Nie miałam pojęcia dlaczego czułam tę pustkę. Niczego mi przecież nie brakowało. Miałam co jeść, dach nad głową, ciepło, wodę, rodziców... no może nie prawdziwych, ale dbali o mnie i kochali, więc naprawdę nie miałam na co narzekać.

Przez całą noc zmrużyłam oczy może na jakieś pół godziny. Ilekroć zasypiałam, tylekroć się budziłam, tak jakby mój mózg nie pozwolił się sobie wyłączyć. Mimo tego nie czułam się zmęczona. Wręcz przeciwnie - byłam bardzo pobudzona.

Kiedy widok zza okna zaczął się rozjaśniać wstałam z łóżka i weszłam do kuchni, gdzie siedziała już moja adoptowana matka. Była średniego wzrostu i posiadała idealne krągłości. Jej brązowe włosy z siwymi pasmami uplecione były w luźnego warkocza, opadającego na jej plecy.

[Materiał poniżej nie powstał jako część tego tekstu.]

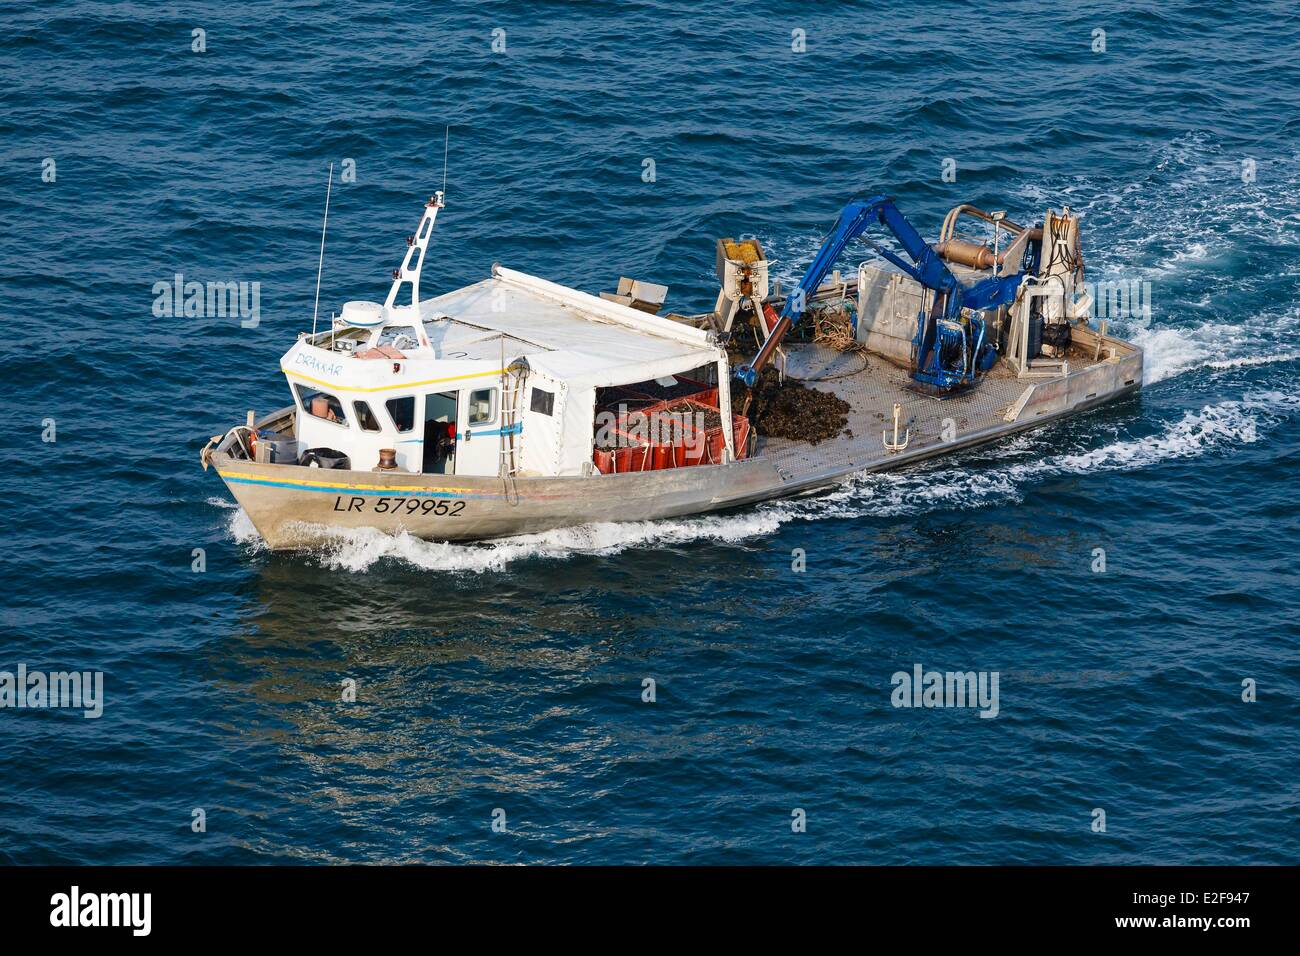 France, Vendee, La Faute-sur-Mer, mussel farm boat (aerial view) Stock Photo

- Wyspałaś się, kochanie? - spytała mnie.

Przez chwilę nie wiedziałam co odpowiedzieć. Powinnam powiedzieć prawdę? Jak zareaguje? Co jeśli mi nie uwierzy? Czy mnie wyśmieje? Westchnęłam ciężko. Lepsza prawda niż stek kłamstw.

- Miałam... wizję

- Co? O czym ty mówisz. Jaką wizję? - spytała, nie bardzo rozumiejąc o czym mówię.

- Wydawało mi się, że śpię ale to wszystko było takie... dokładne. Słyszałam głos jakiejś kobiety... Wydaje mi się, że... chyba... chyba ją znam. Powiedziała mi, że mam dołączyć do Ninja, bo wtedy poznam prawdę o sobie... i poznam tę kobietę - mówiąc na głos o tym wszystkim docierało do mnie jak bardzo to wszystko jest absurdalne. Jednak intuicja wciąż nakazywała mi wziąć to wszystko na poważnie.

Moja mama zaczęła się śmiać, a w tym samym czasie do kuchni wszedł tata.

- Z czego się śmiejesz, kochana? - zapytał jej.

- Irie myśli, że miała wizję, w której jakaś kobieta każe jej przyłączyć się do Ninja - mówiła, wciąż się śmiejąc.

Tata dołączył do mamy i teraz oboje śmiali się ze mnie i mojej wizji.

- Rybko, to na pewno był tylko sen.

Chciałam w to wierzyć i właściwie to może i wierzyłam. Mimo wszystko jeszcze bardziej wierzyłam w to, że to nie tylko sen, a jawa. Dlaczego? Nie miałam pojęcia, tak po prostu było.

- Ale to wszystko było takie... takie sama nie wiem jakie, ale czuję, że to prawda. Brzmi głupio i jak coś niemożliwego, ale mimo wszystko... - zaczęłam się tłumaczyć.

Rodzice przestali się uśmiechać, a ich twarze były teraz zmartwione. Natomiast w ich oczach widziałam, że nadal mi nie wierzą. Wyglądali wręcz tak jakby myśleli, że oszalałam.

- Proszę was, nie patrzcie tak na mnie! - prosiłam, przytłoczona ich spojrzeniami.

- Och, wybacz, córeczko, ale to wszystko brzmi tak bardzo absurdalnie - powiedziała mama.

- Wiem... ale ja po prostu czuję w kościach, że to nie był sen.

- I co chcesz z tym zrobić? - spytał tata.

Choć wydawało mi się, że nie wiem co do końca chcę zrobić, moja podświadomość doskonale wiedziała. I właśnie wtedy pomału to do mnie docierało. Posłuchanie intuicji było jednoznaczne z zostawieniem dotychczasowego życia, wioski i... rodziców. Nie byłam pewna czy jestem w stanie tyle poświęcić w imię przeczucia, które przecież może się nie sprawdzić.

Wtedy stało się coś o czym nigdy w życiu nie słyszałam. Na podłodze, idealnie pod moimi stopami powstał najprawdziwszy pentagram! Zszokowana i przerażona wyskoczyłam z niego jak oparzona, a ten zniknął. To nie był jednak koniec. Zaledwie kilka sekund później poczułam pieczenie na prawym przedramieniu. Na mojej skórze powstawał czarny pentagram!

- Co się dzieje?! - zawołałam, licząc na odpowiedź ze strony rodziców. Ci zdawali się być jednak równie zdezorientowani co ja.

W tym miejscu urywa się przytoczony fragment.